» Data excerpts
Content starts
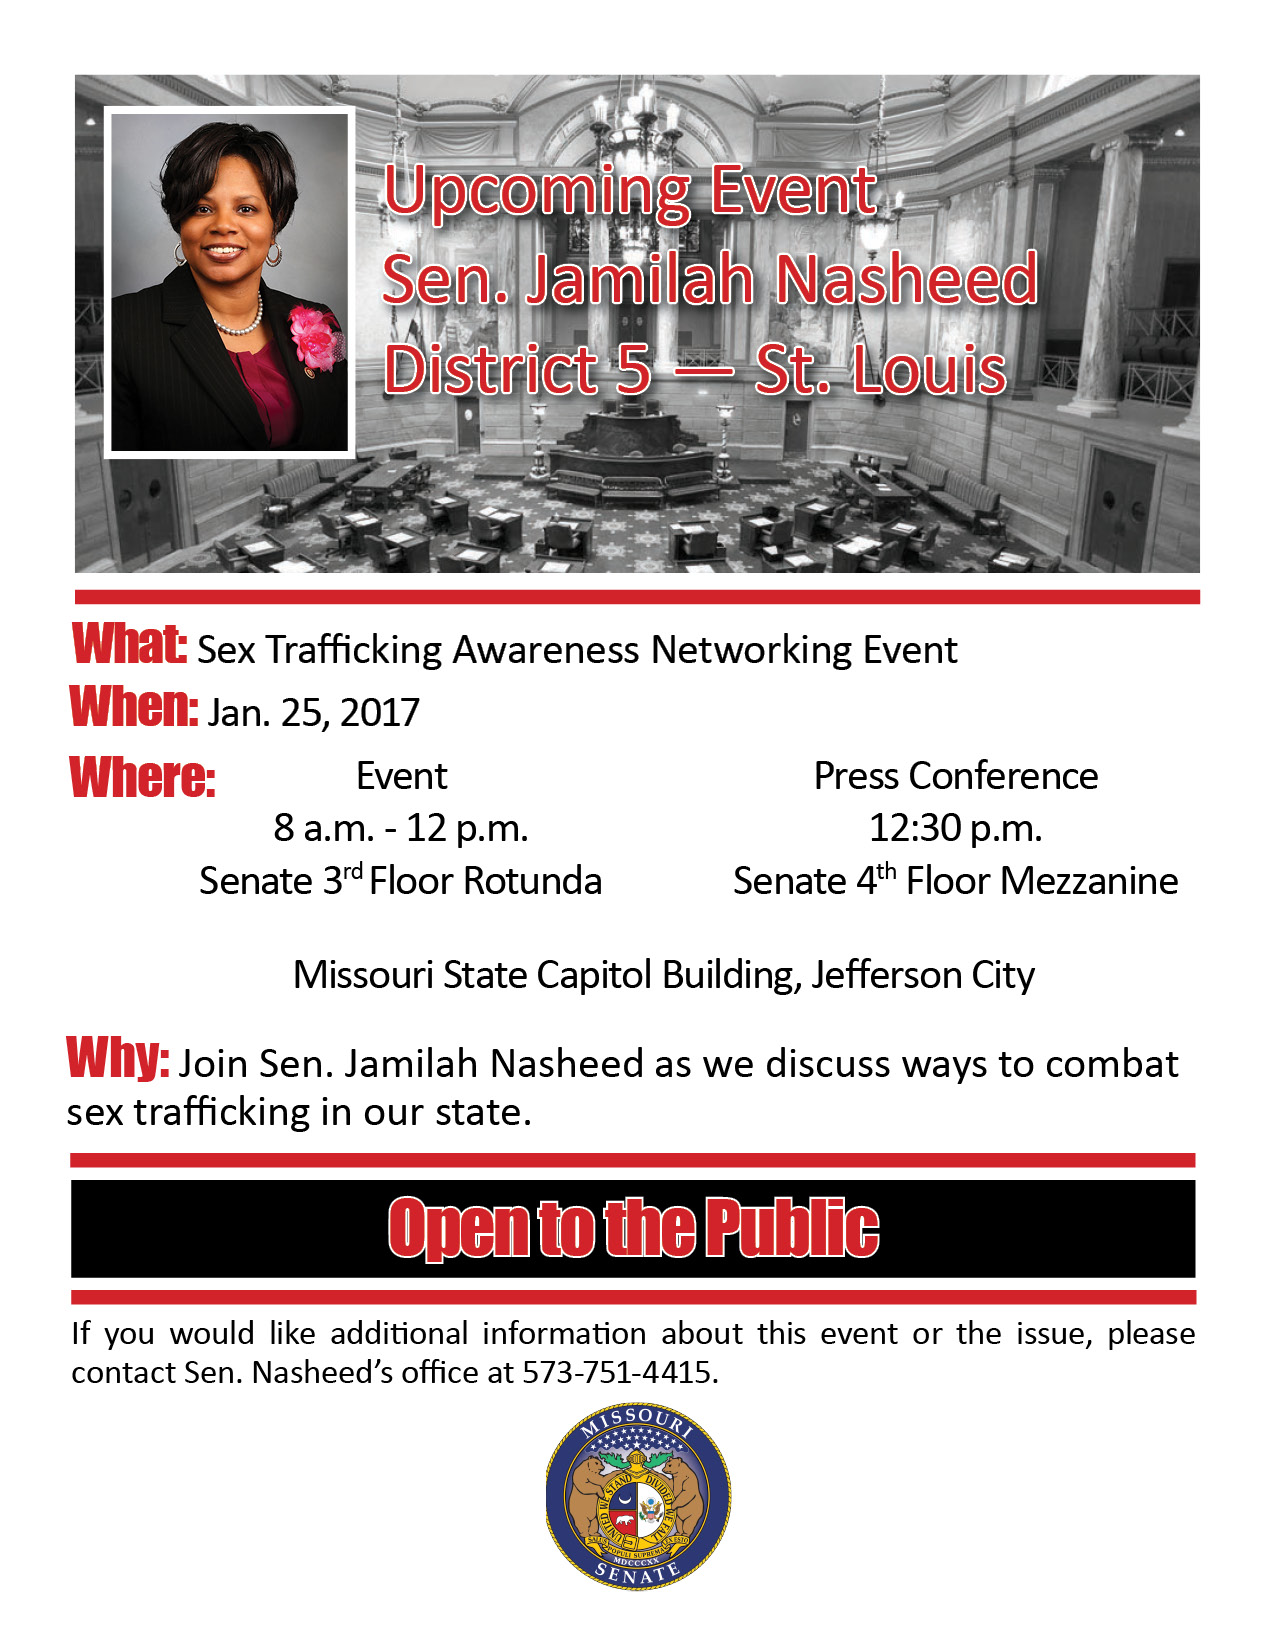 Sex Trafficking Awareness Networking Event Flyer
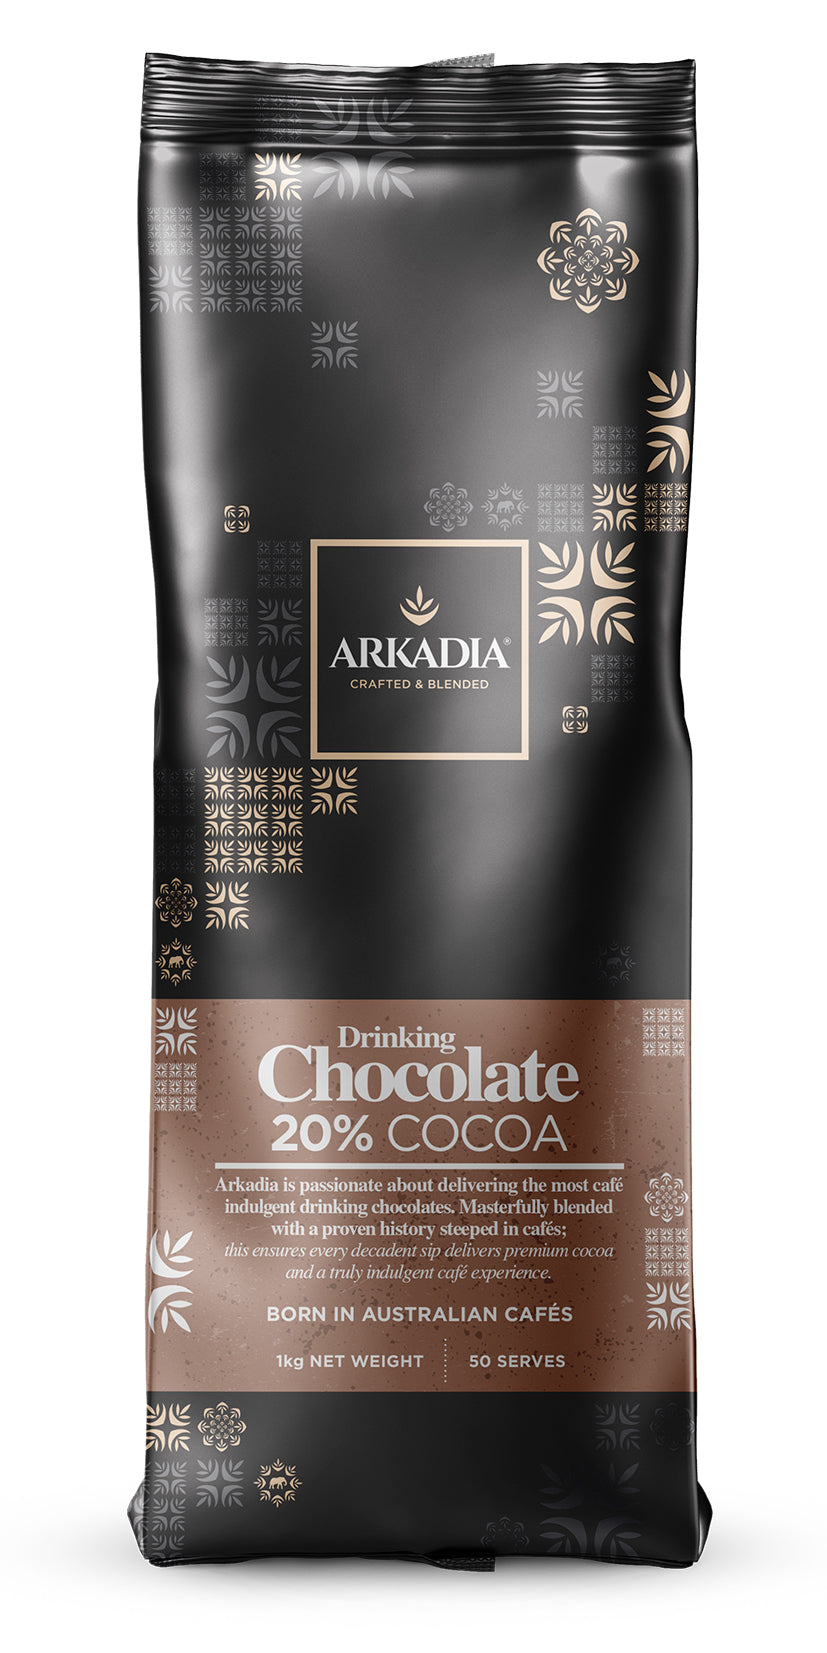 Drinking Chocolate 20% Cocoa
Content ends
Content starts
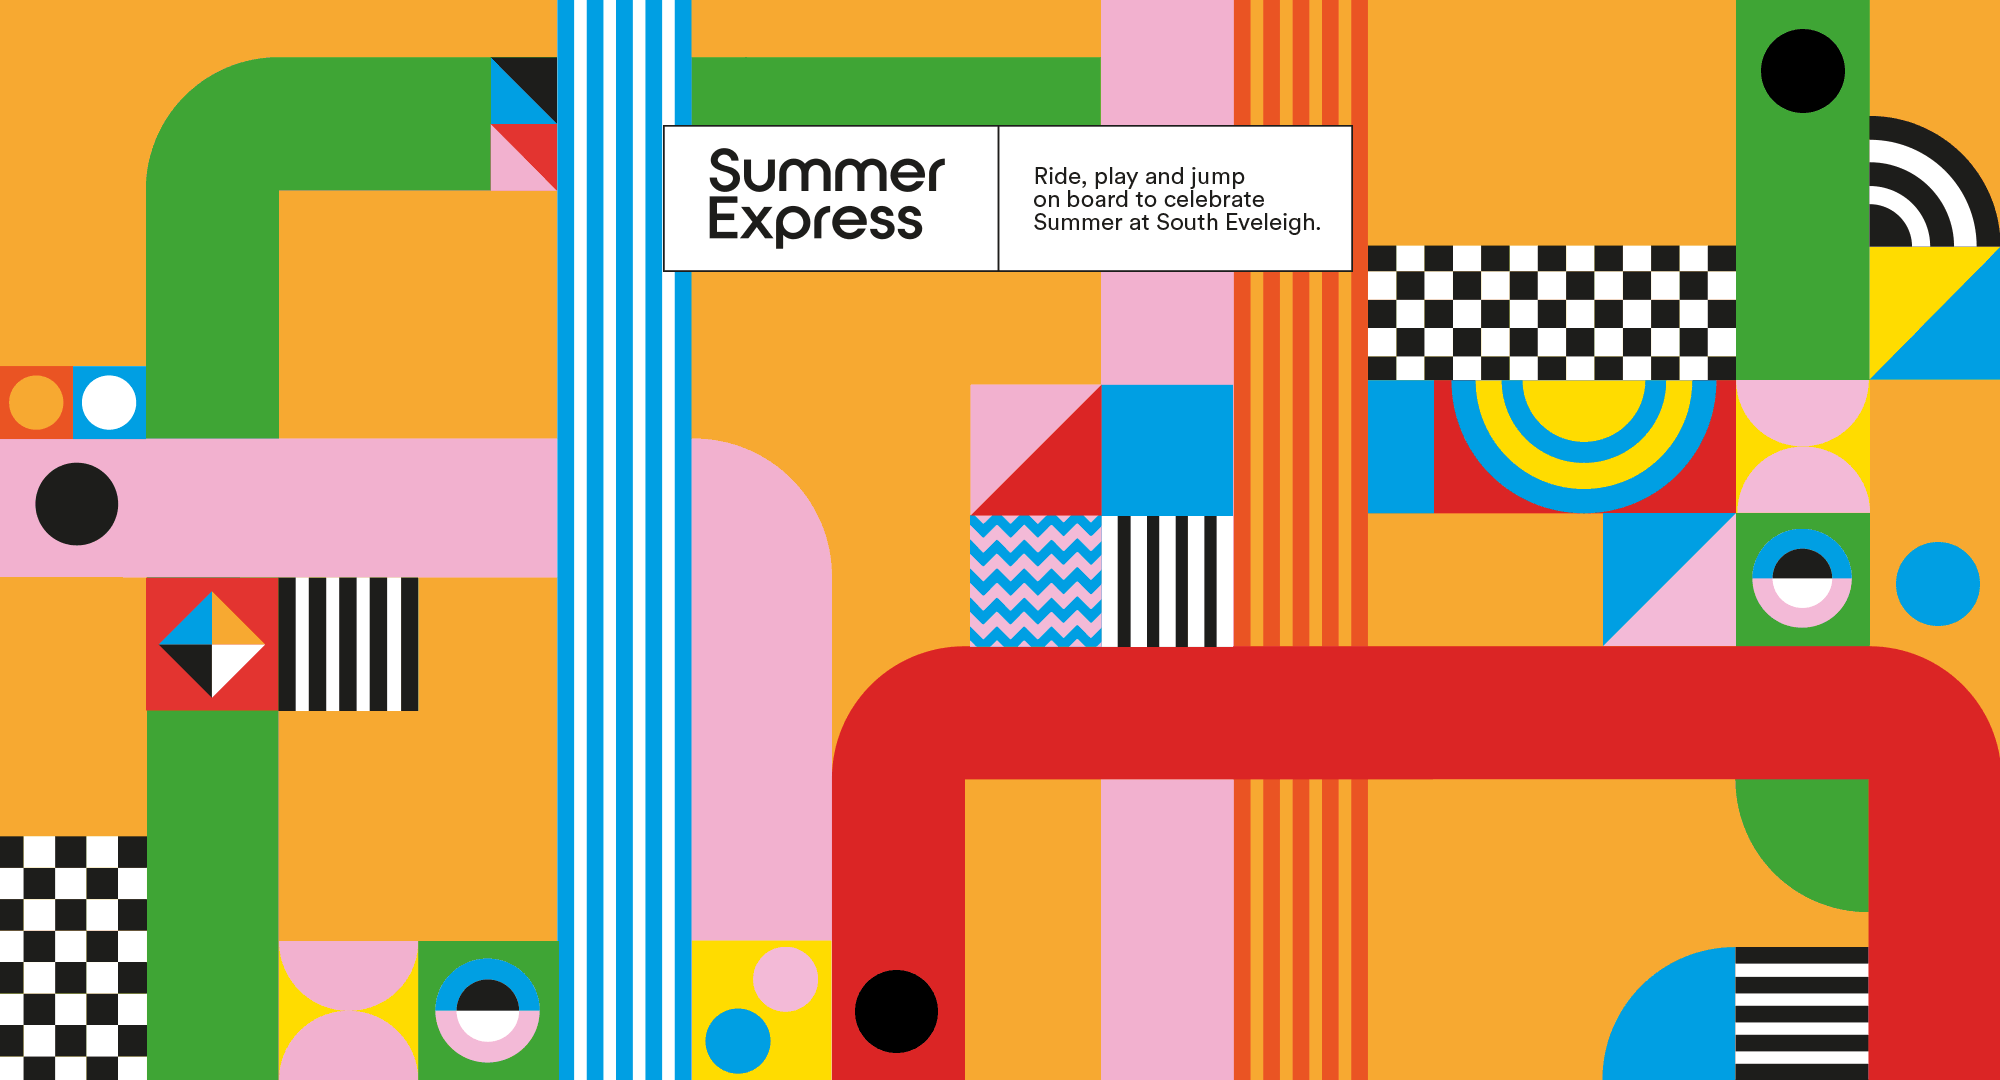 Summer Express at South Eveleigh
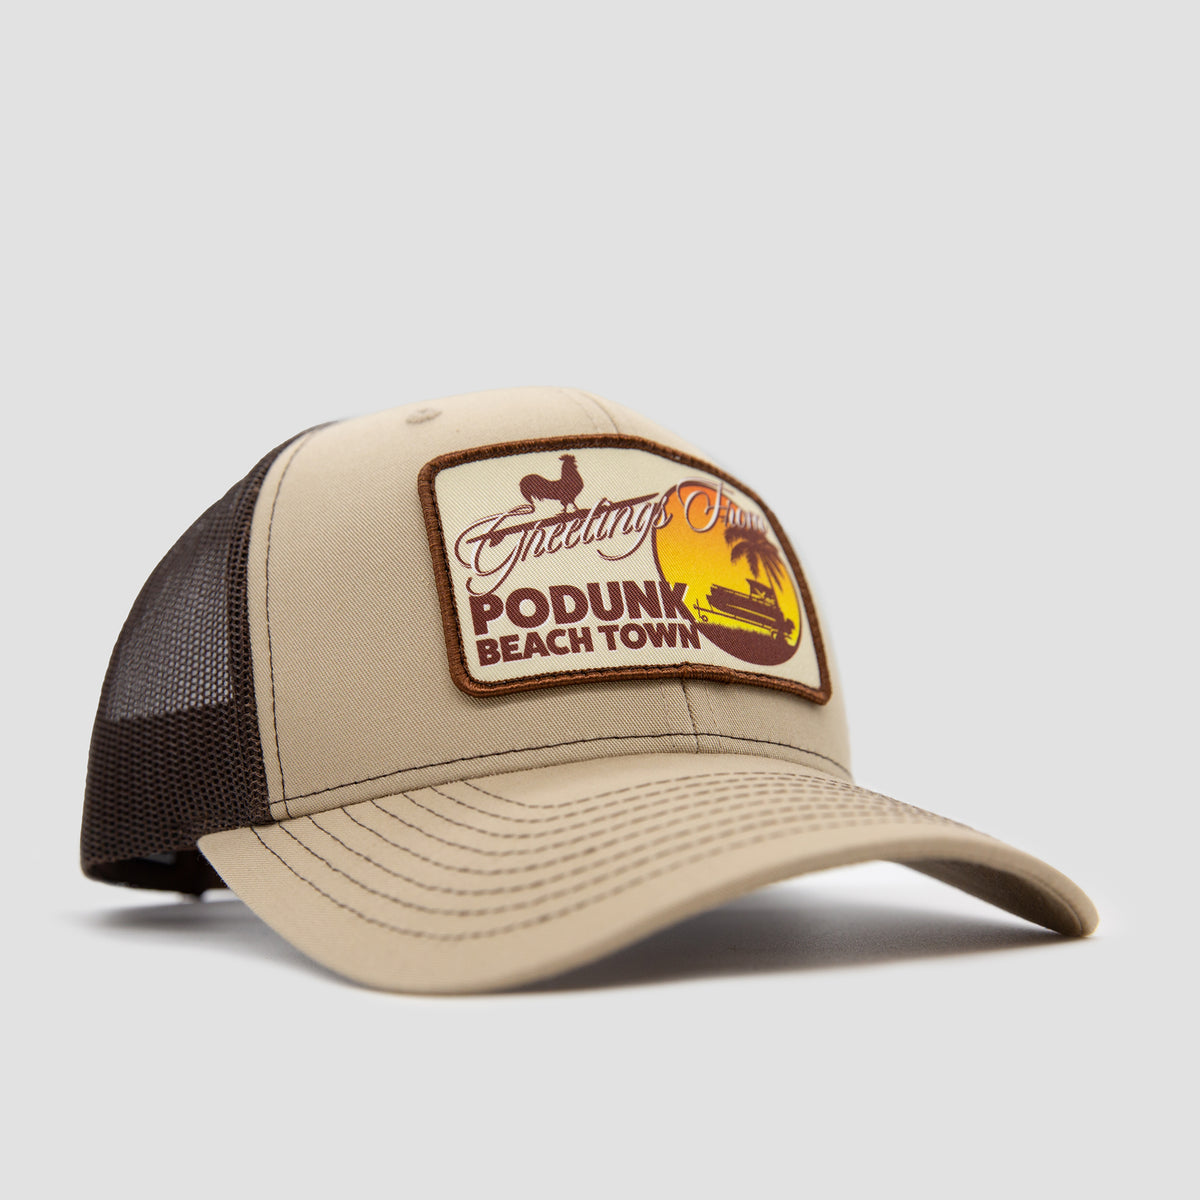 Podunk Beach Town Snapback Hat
Content ends
Out of the records above, please copy exactly the lines from the line with "Sex Trafficking Awareness" up to and including the line with "Drinking Chocolate 20% Cocoa", minus the pictures.

 Sex Trafficking Awareness Networking Event Flyer
 Drinking Chocolate 20% Cocoa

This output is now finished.